Task details:
The full set of entries is to be printed exactly, with pictures excluded.

Provided material:
------

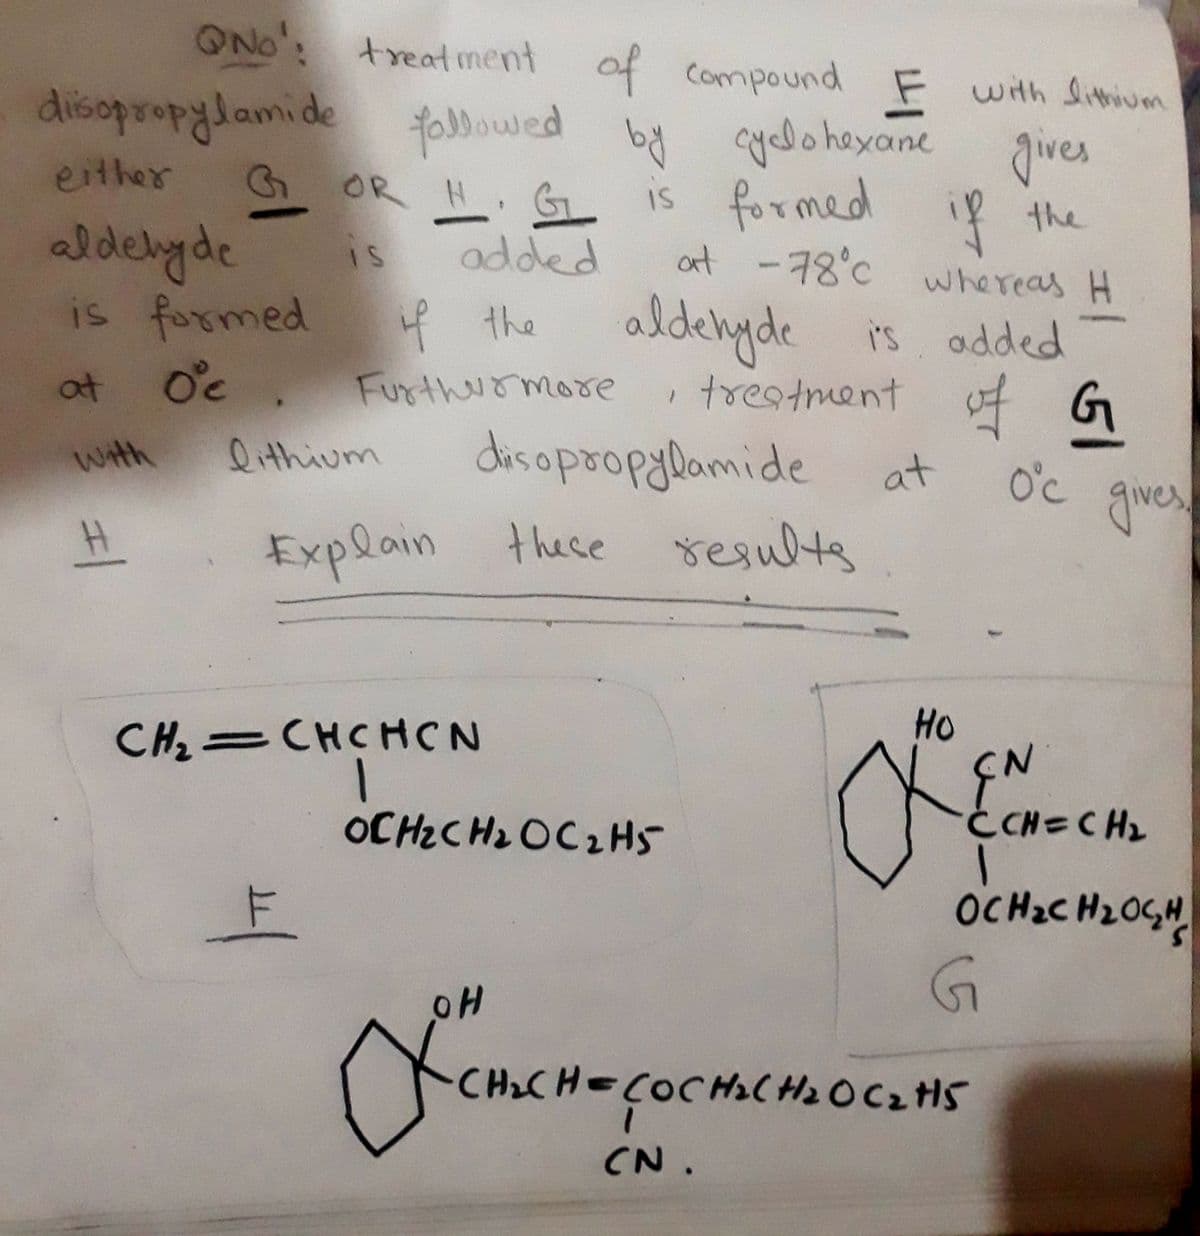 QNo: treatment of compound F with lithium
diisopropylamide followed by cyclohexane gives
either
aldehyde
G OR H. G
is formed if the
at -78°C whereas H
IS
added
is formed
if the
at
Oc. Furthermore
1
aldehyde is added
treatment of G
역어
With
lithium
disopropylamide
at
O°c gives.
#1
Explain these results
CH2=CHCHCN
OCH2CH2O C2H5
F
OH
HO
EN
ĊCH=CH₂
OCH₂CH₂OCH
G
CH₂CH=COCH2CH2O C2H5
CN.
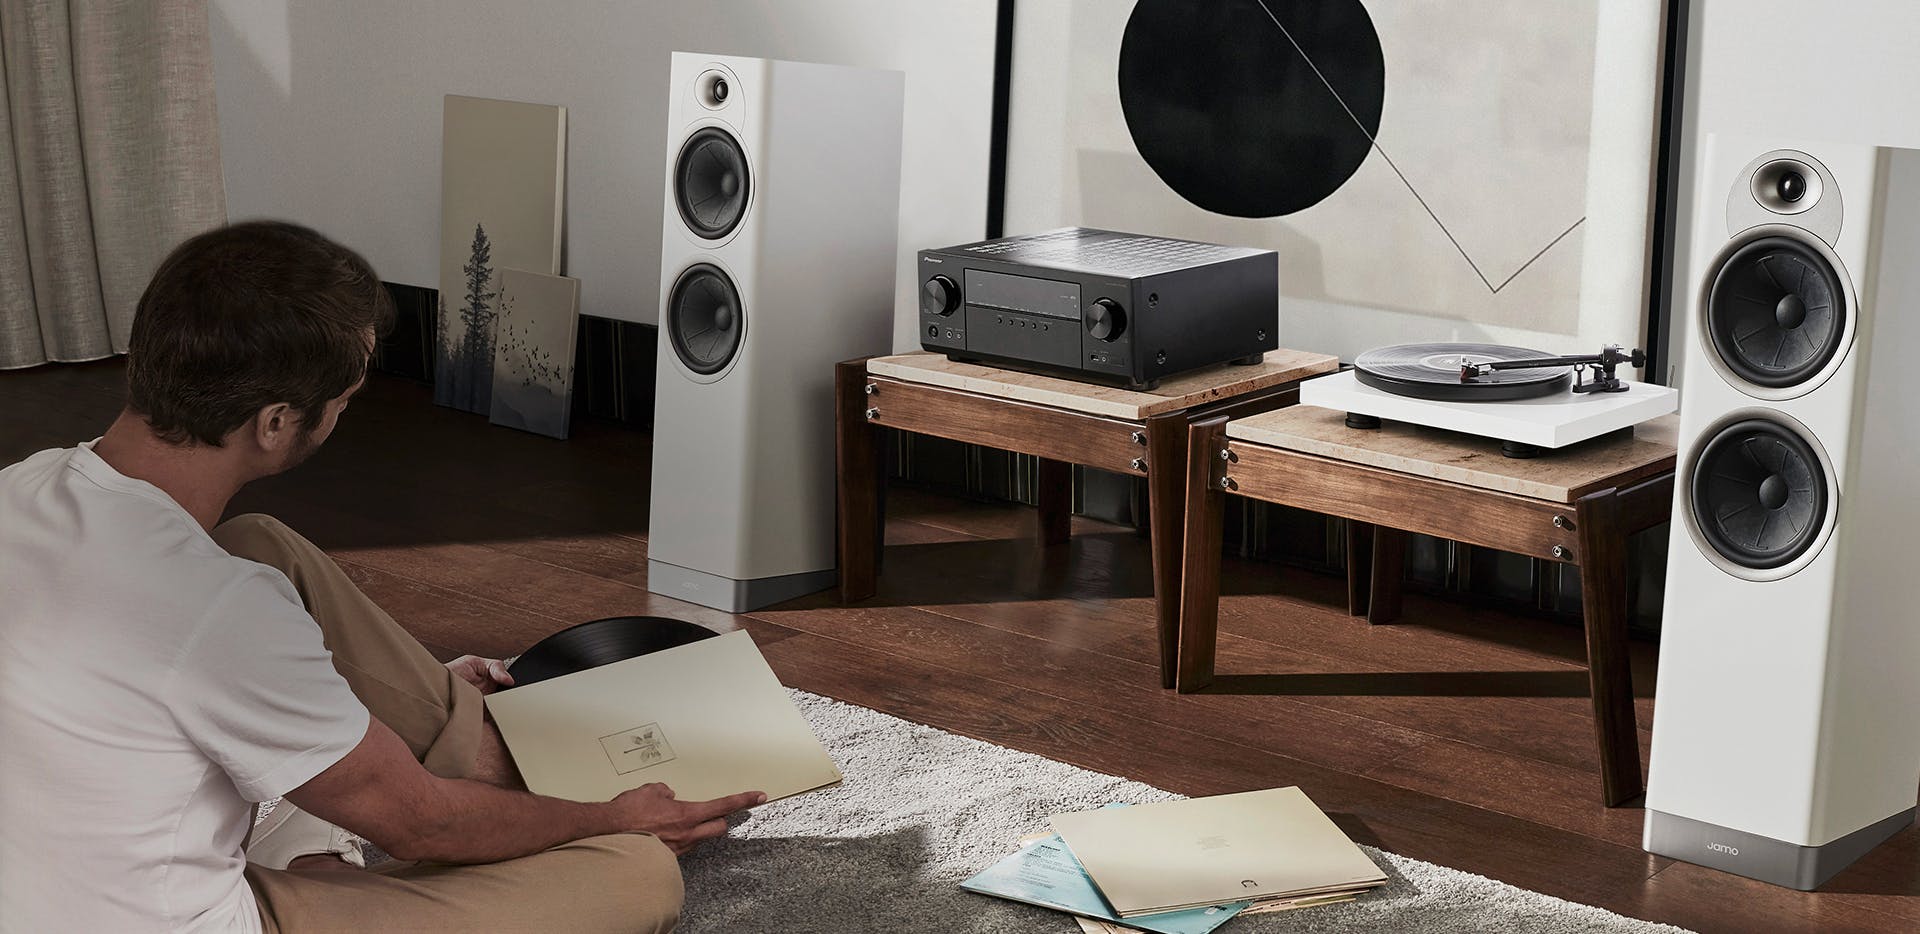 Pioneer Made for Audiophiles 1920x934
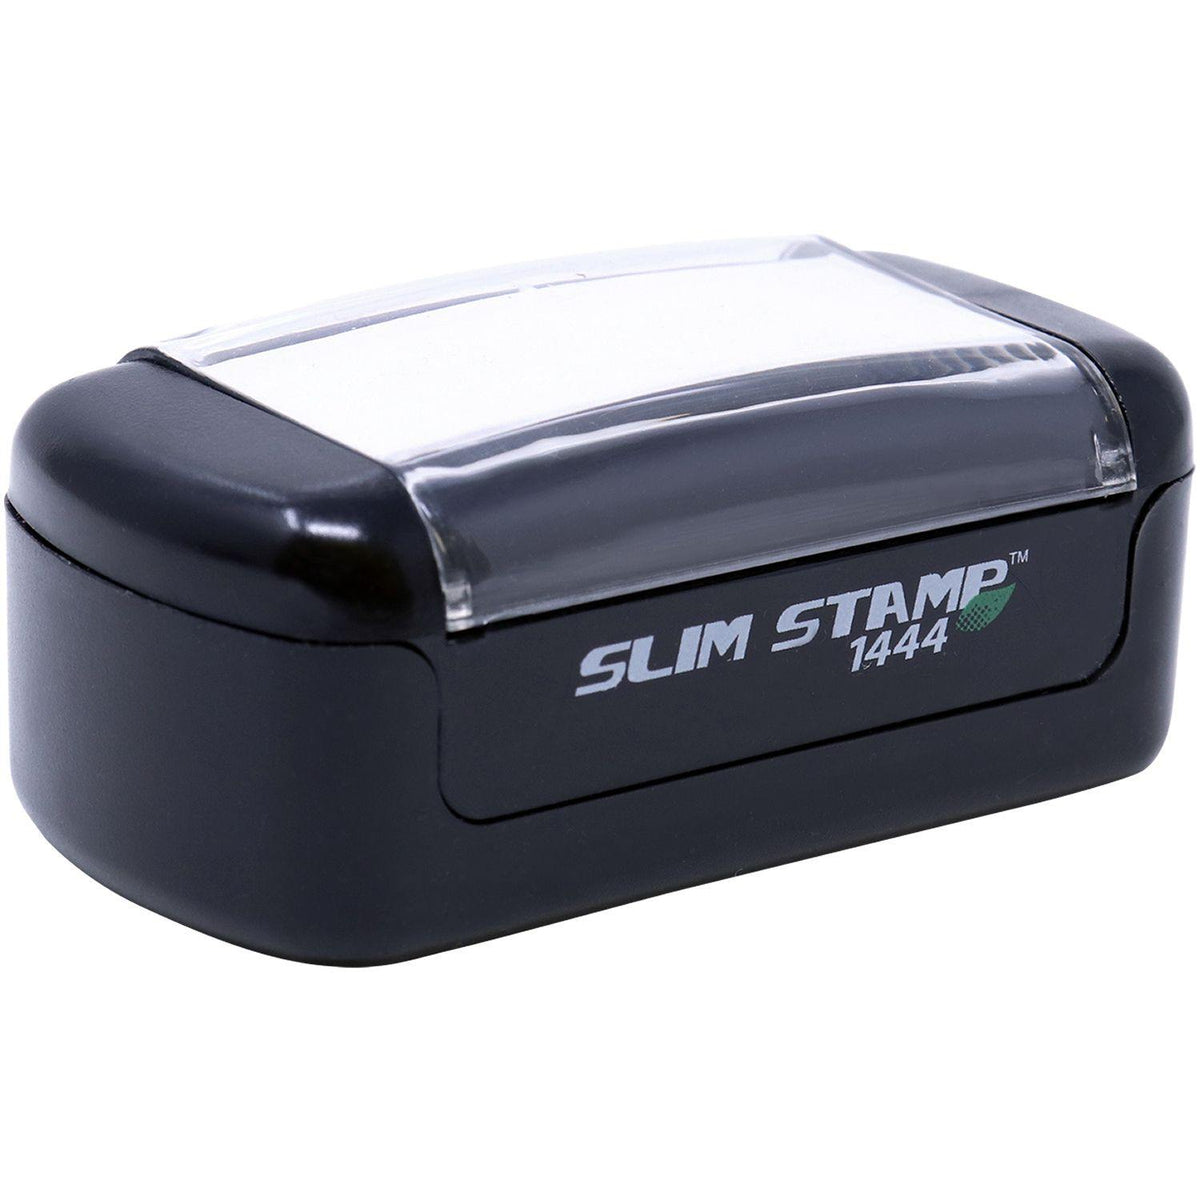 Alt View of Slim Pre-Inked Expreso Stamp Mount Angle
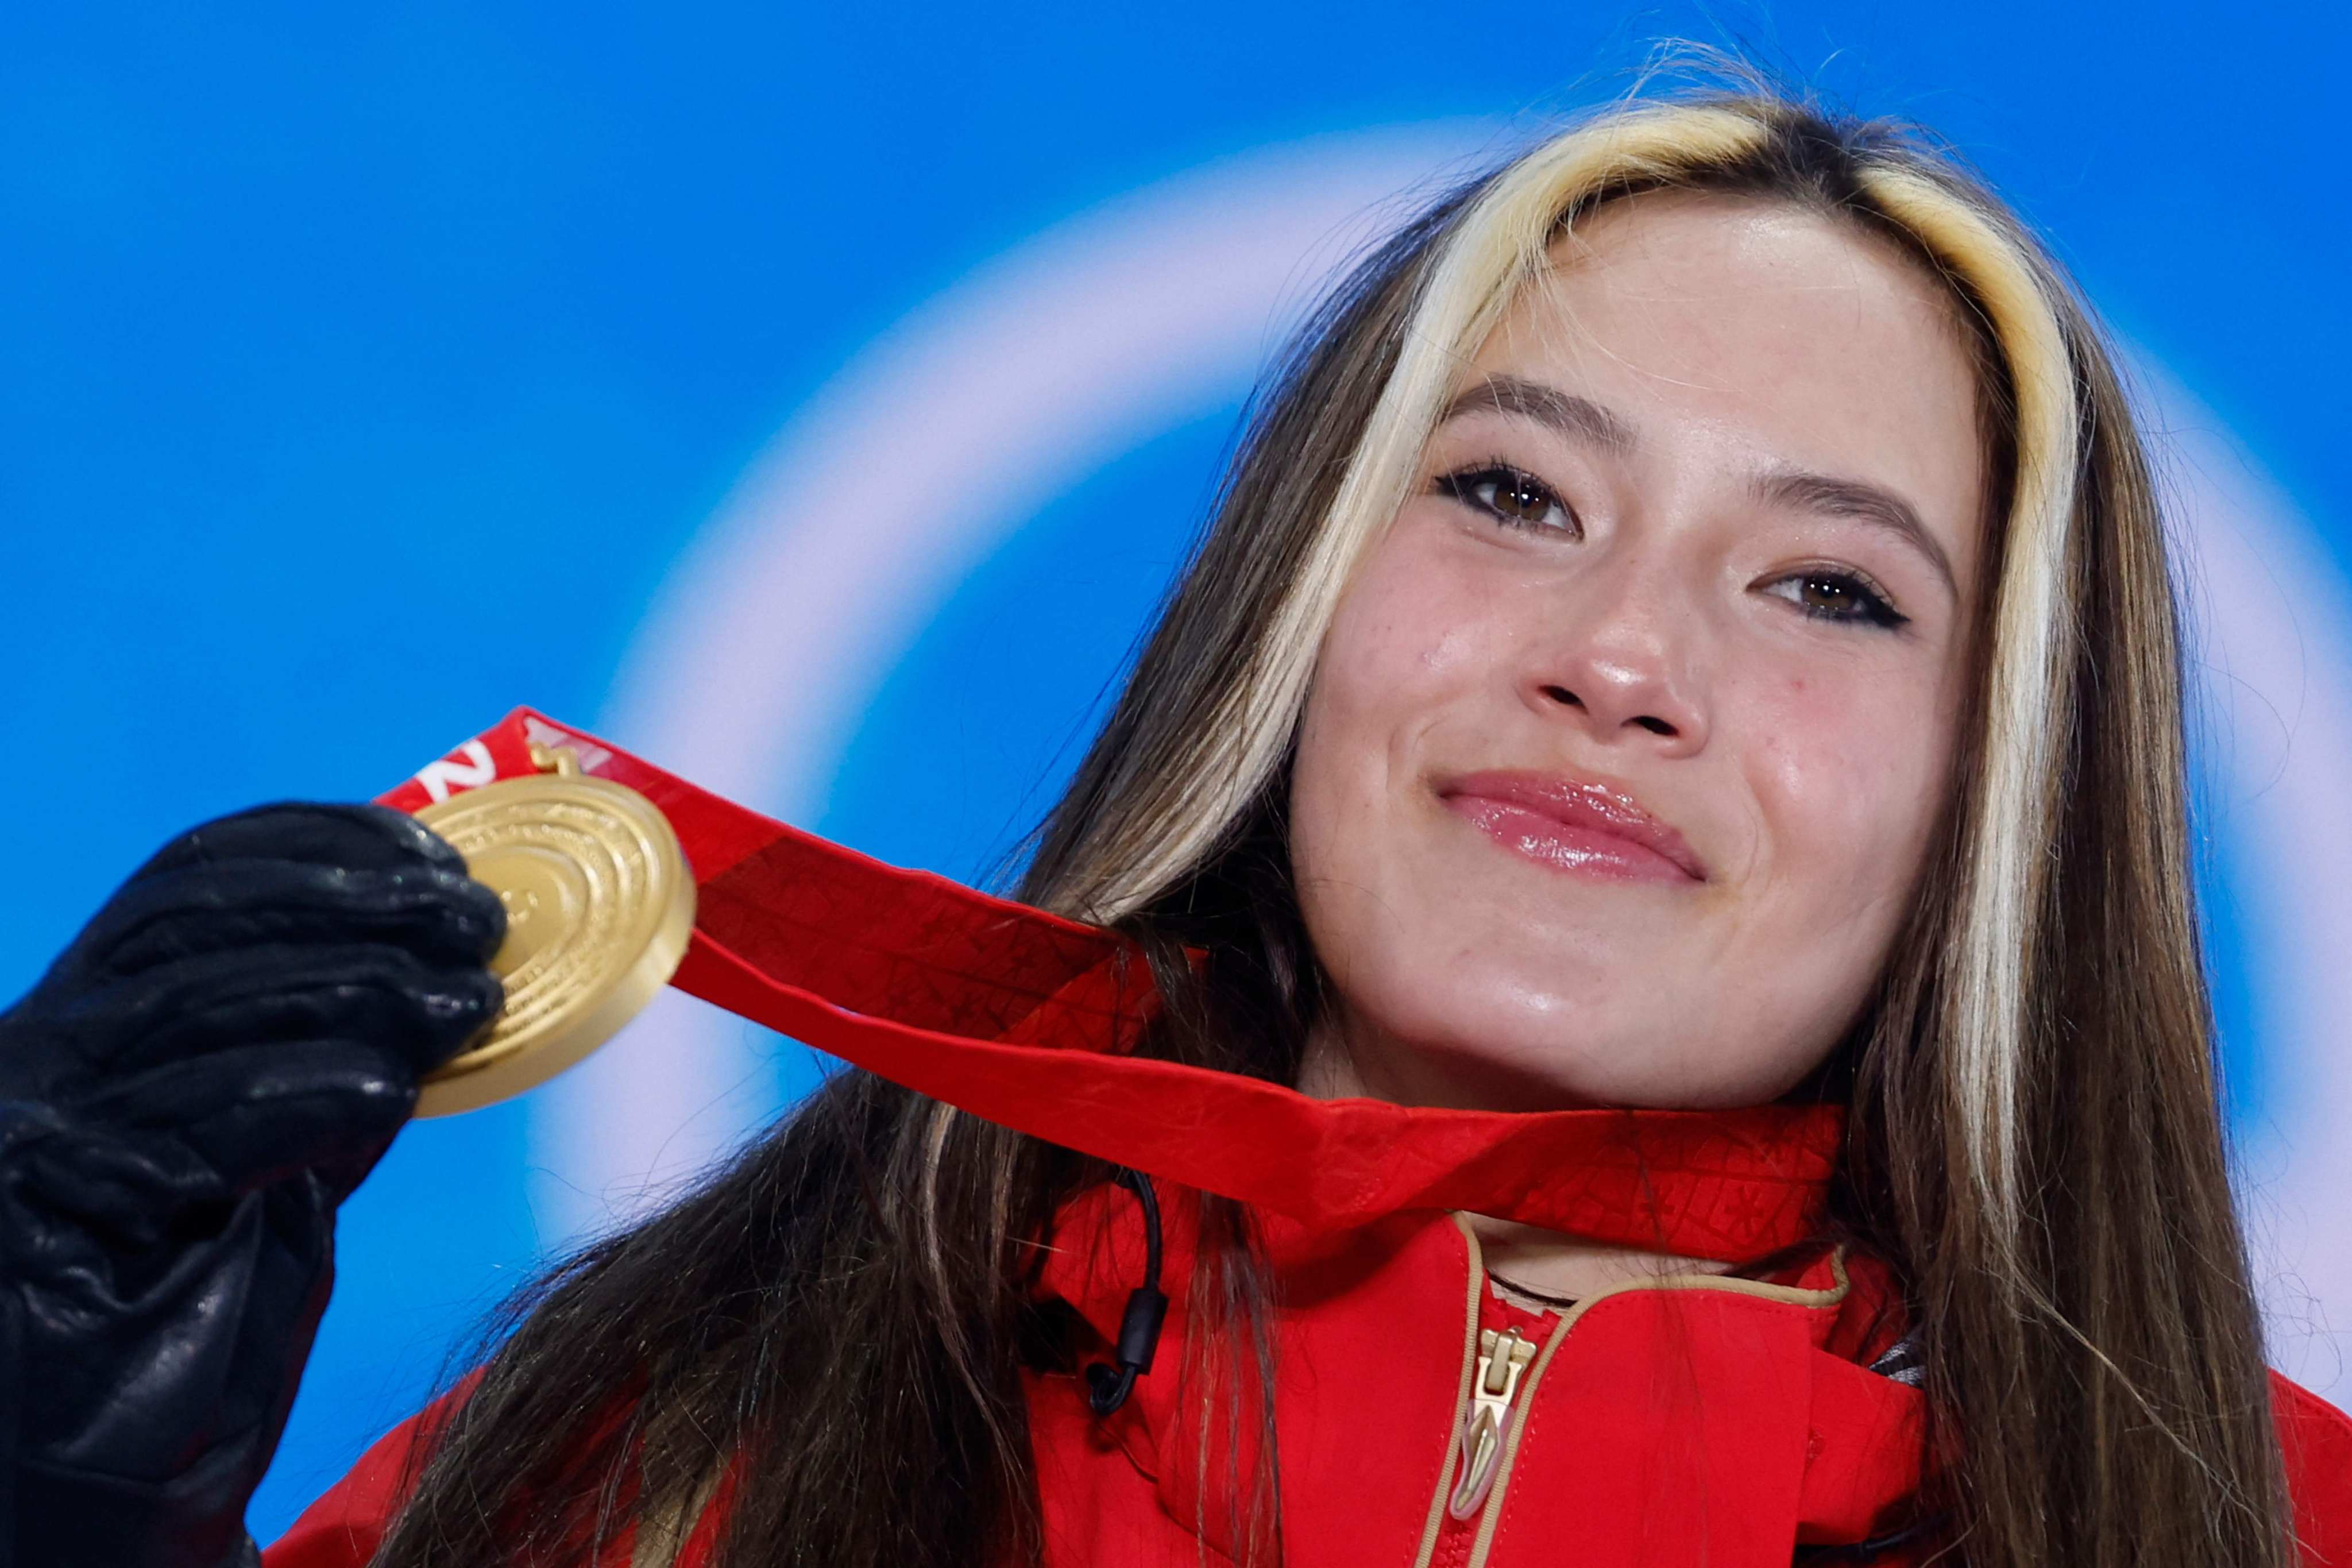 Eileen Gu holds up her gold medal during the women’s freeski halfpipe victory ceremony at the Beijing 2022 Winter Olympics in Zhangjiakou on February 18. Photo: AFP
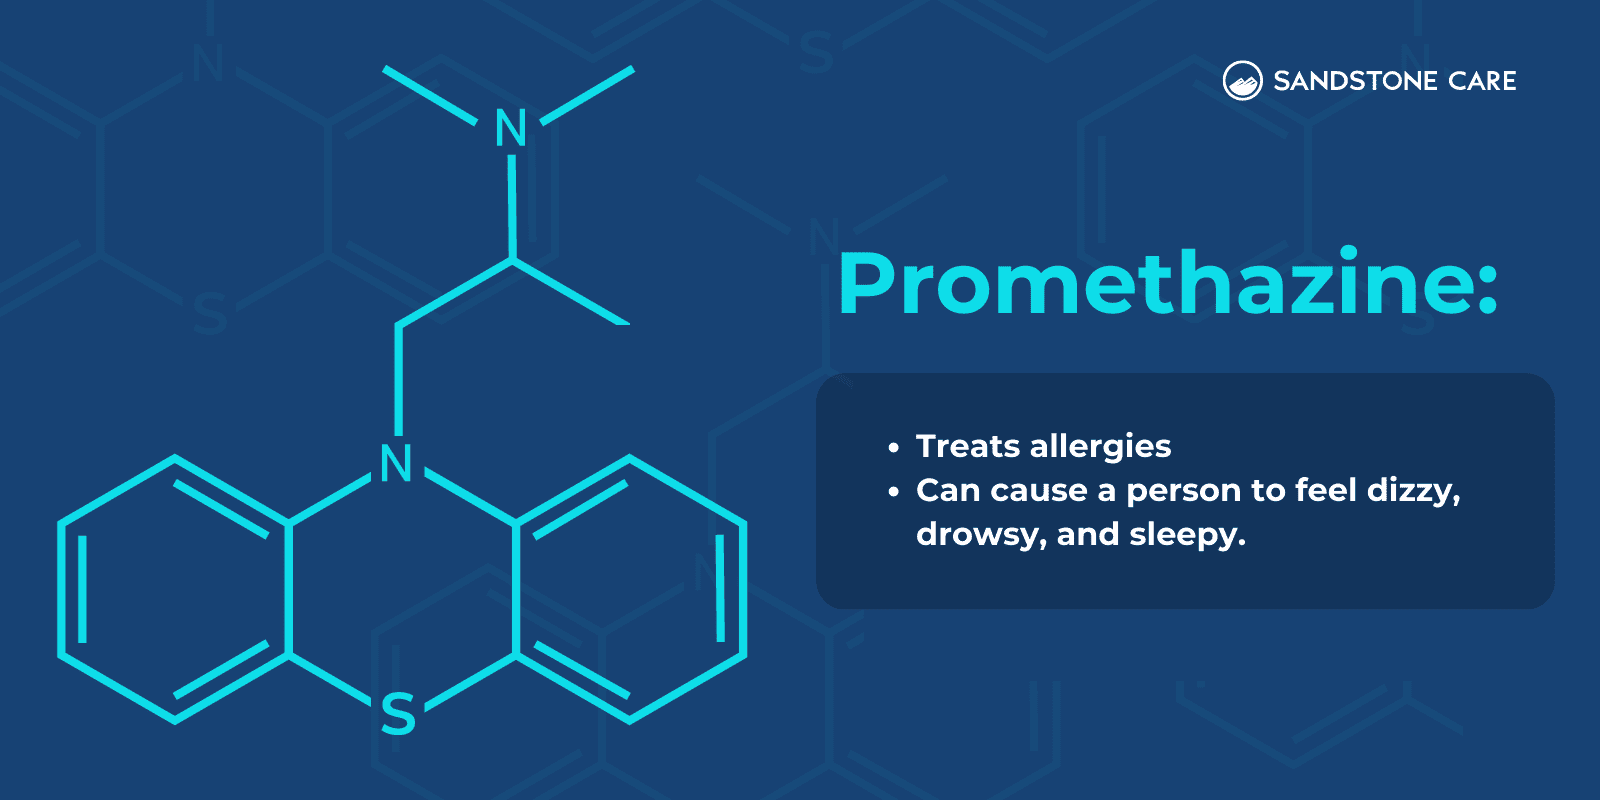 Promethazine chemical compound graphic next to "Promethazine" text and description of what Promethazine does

------

Task result:
 QNo: treatment of compound F with lithium
diisopropylamide followed by cyclohexane gives
either
aldehyde
G OR H. G
is formed if the
at -78°C whereas H
IS
added
is formed
if the
at
Oc. Furthermore
1
aldehyde is added
treatment of G
역어
With
lithium
disopropylamide
at
O°c gives.
#1
Explain these results
CH2=CHCHCN
OCH2CH2O C2H5
F
OH
HO
EN
ĊCH=CH₂
OCH₂CH₂OCH
G
CH₂CH=COCH2CH2O C2H5
CN.
 Pioneer Made for Audiophiles 1920x934
 Alt View of Slim Pre-Inked Expreso Stamp Mount Angle
 Eileen Gu holds up her gold medal during the women’s freeski halfpipe victory ceremony at the Beijing 2022 Winter Olympics in Zhangjiakou on February 18. Photo: AFP
 Promethazine chemical compound graphic next to "Promethazine" text and description of what Promethazine does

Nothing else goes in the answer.